### DATA SHOWN
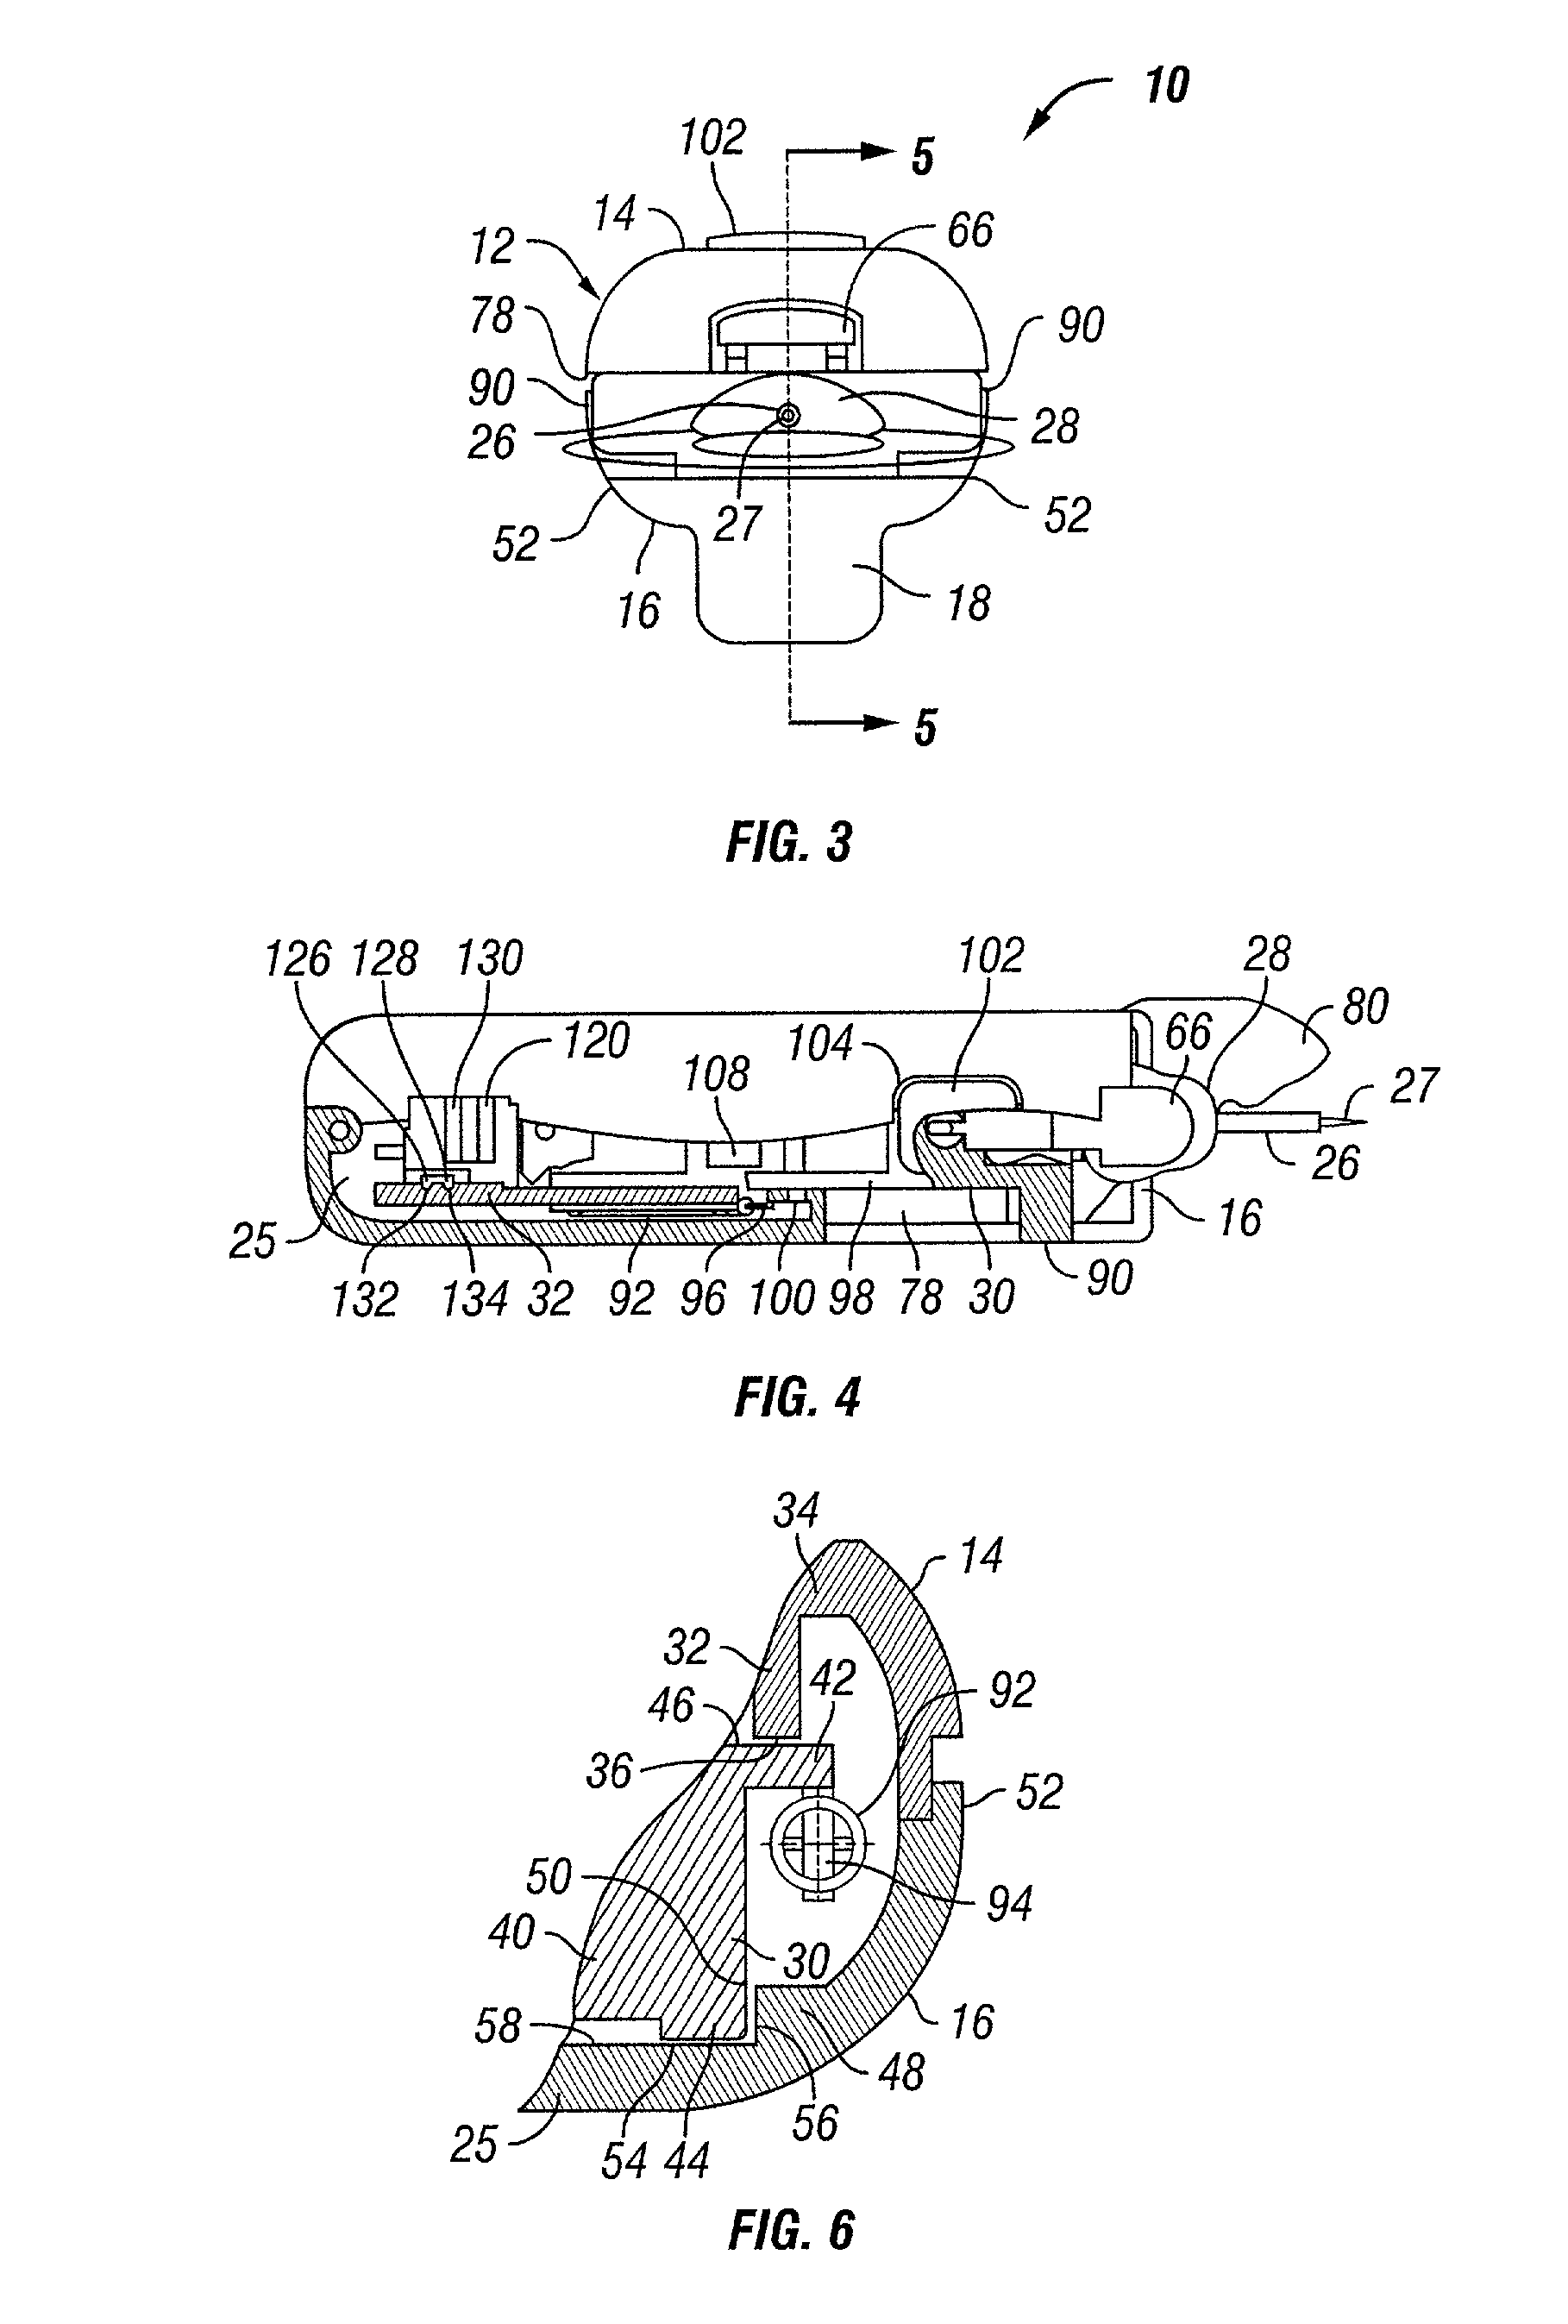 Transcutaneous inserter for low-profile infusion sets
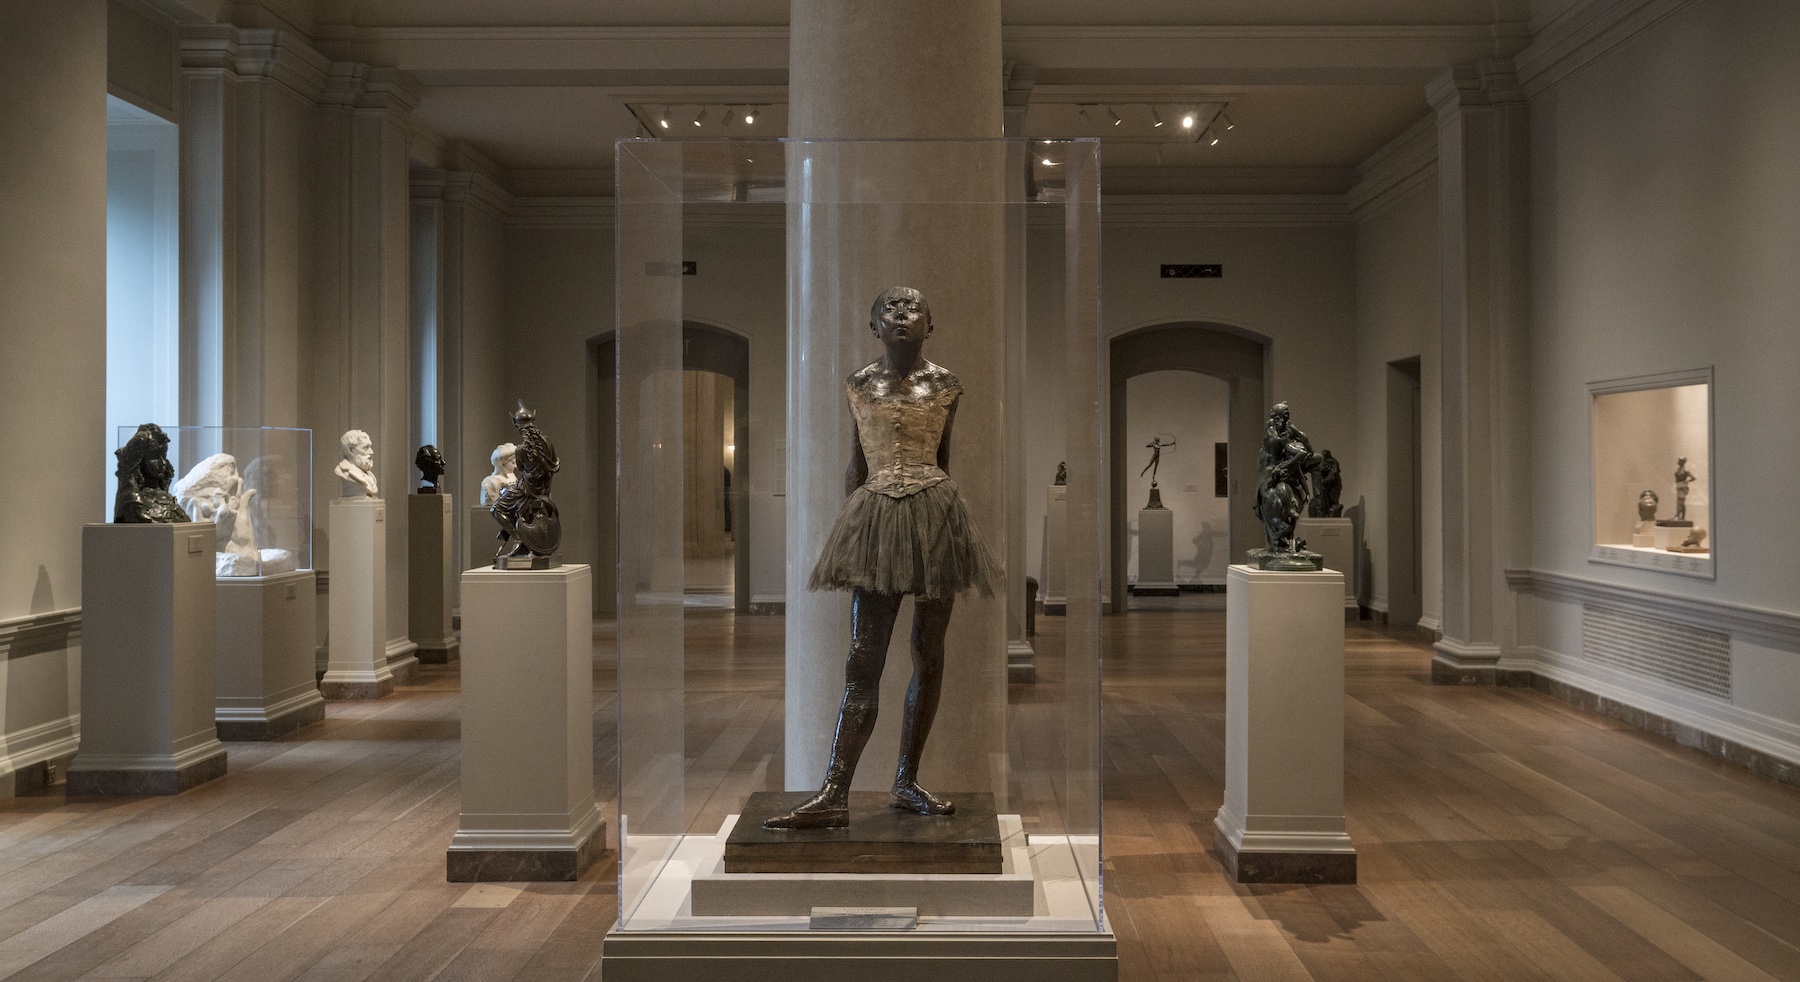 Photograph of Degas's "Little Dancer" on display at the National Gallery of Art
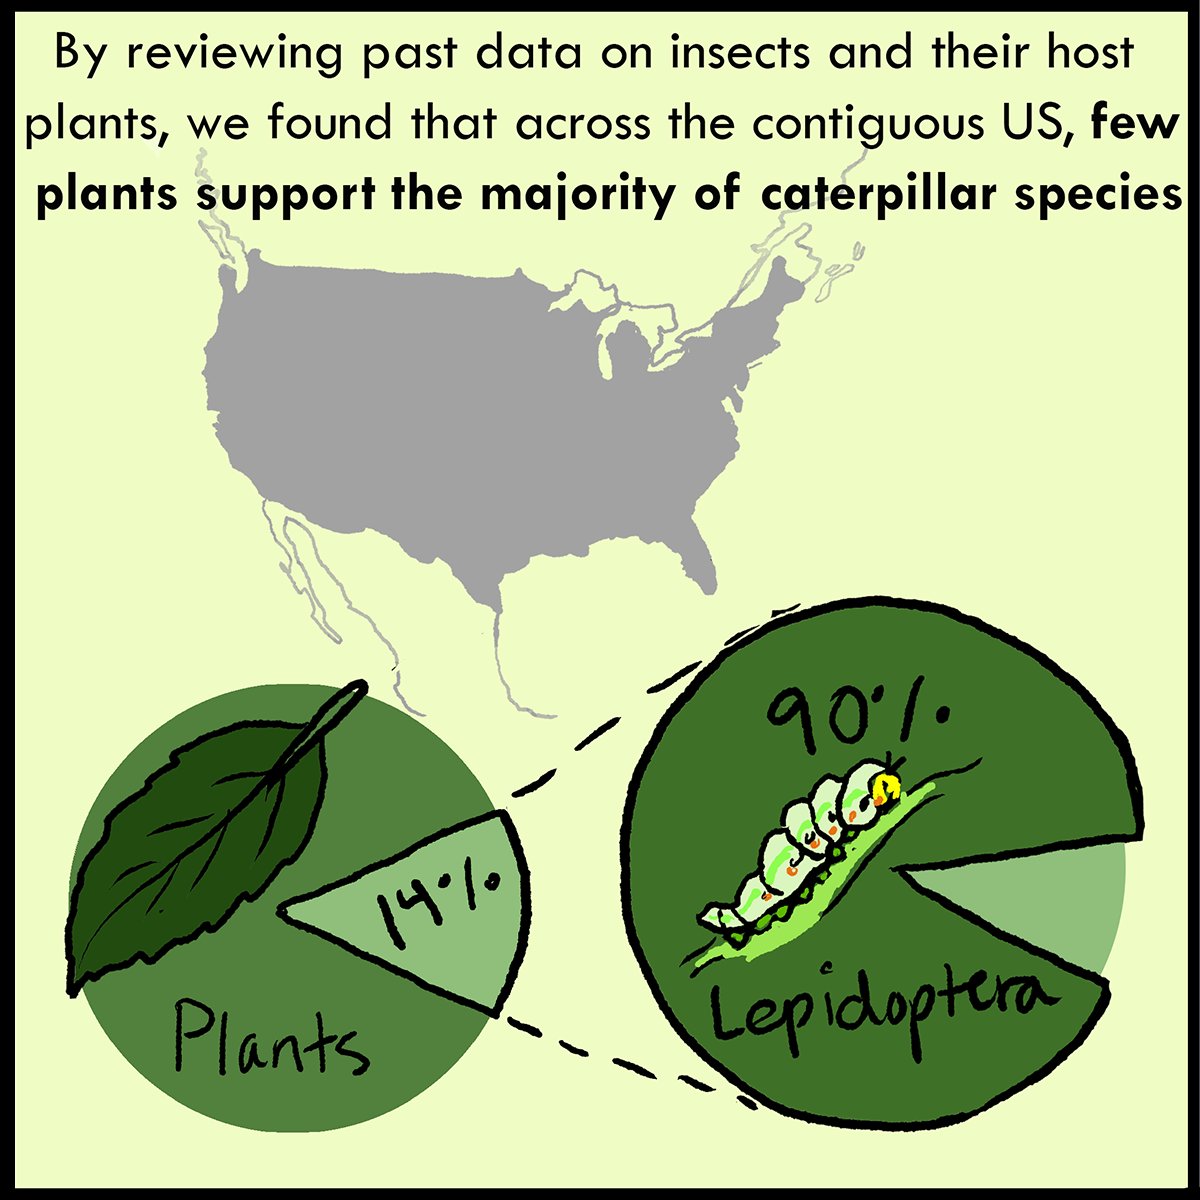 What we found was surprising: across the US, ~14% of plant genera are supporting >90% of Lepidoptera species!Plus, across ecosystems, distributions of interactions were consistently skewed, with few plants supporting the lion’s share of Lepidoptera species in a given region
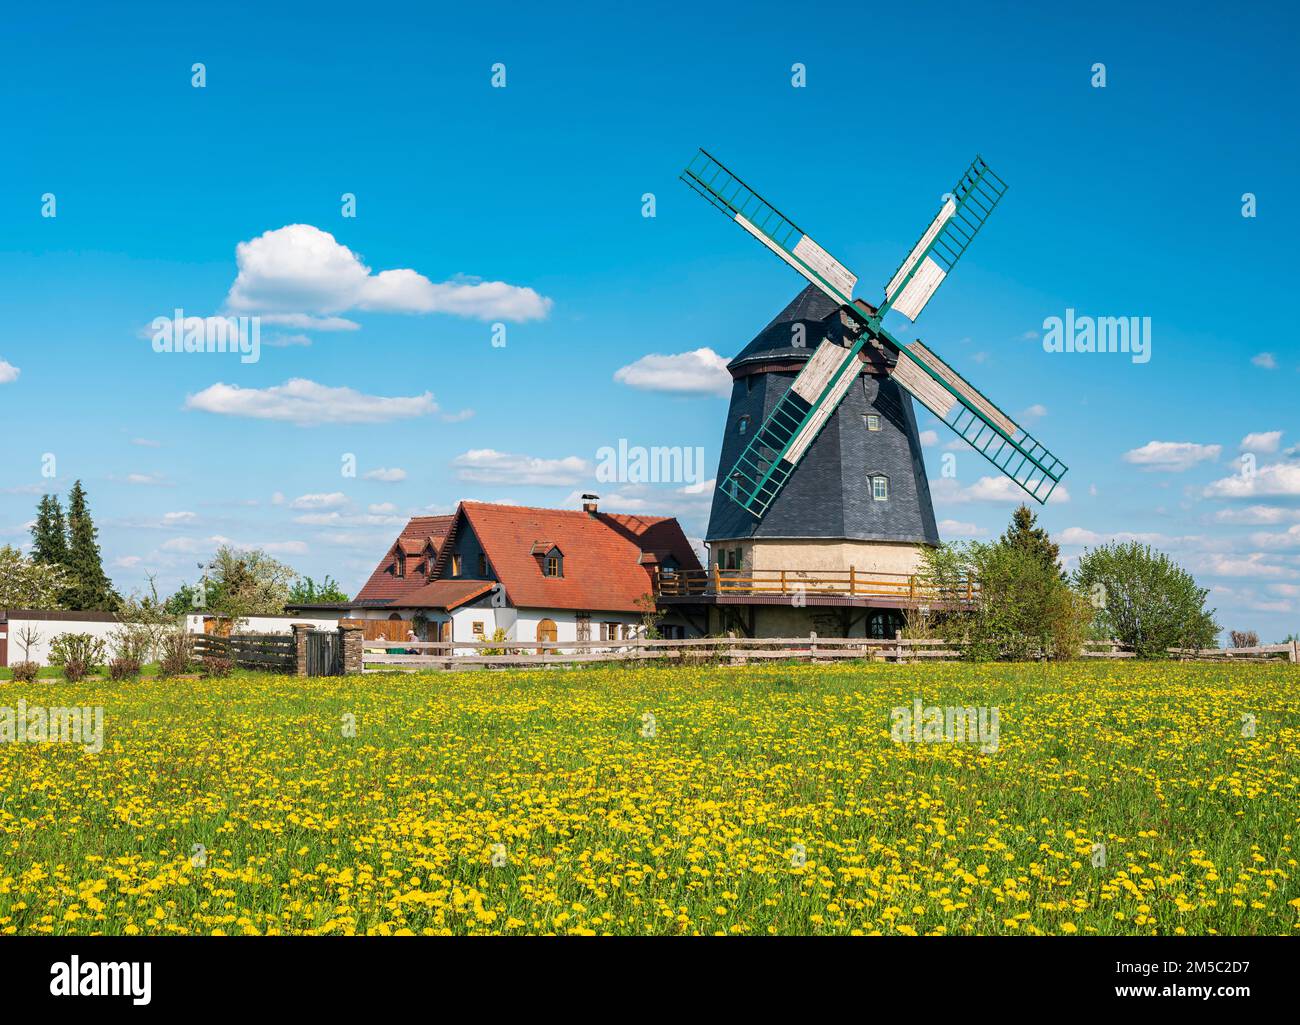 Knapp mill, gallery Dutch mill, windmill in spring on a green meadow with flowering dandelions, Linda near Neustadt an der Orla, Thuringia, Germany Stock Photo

### EXERCISE DESCRIPTION
Set down again, exactly, the lines of the material above from its first line to the one with "Photograph of Degas's", inclusive. Leave the pictures out.

### RESULT FOR THIS TASK
 Transcutaneous inserter for low-profile infusion sets
 Photograph of Degas's "Little Dancer" on display at the National Gallery of Art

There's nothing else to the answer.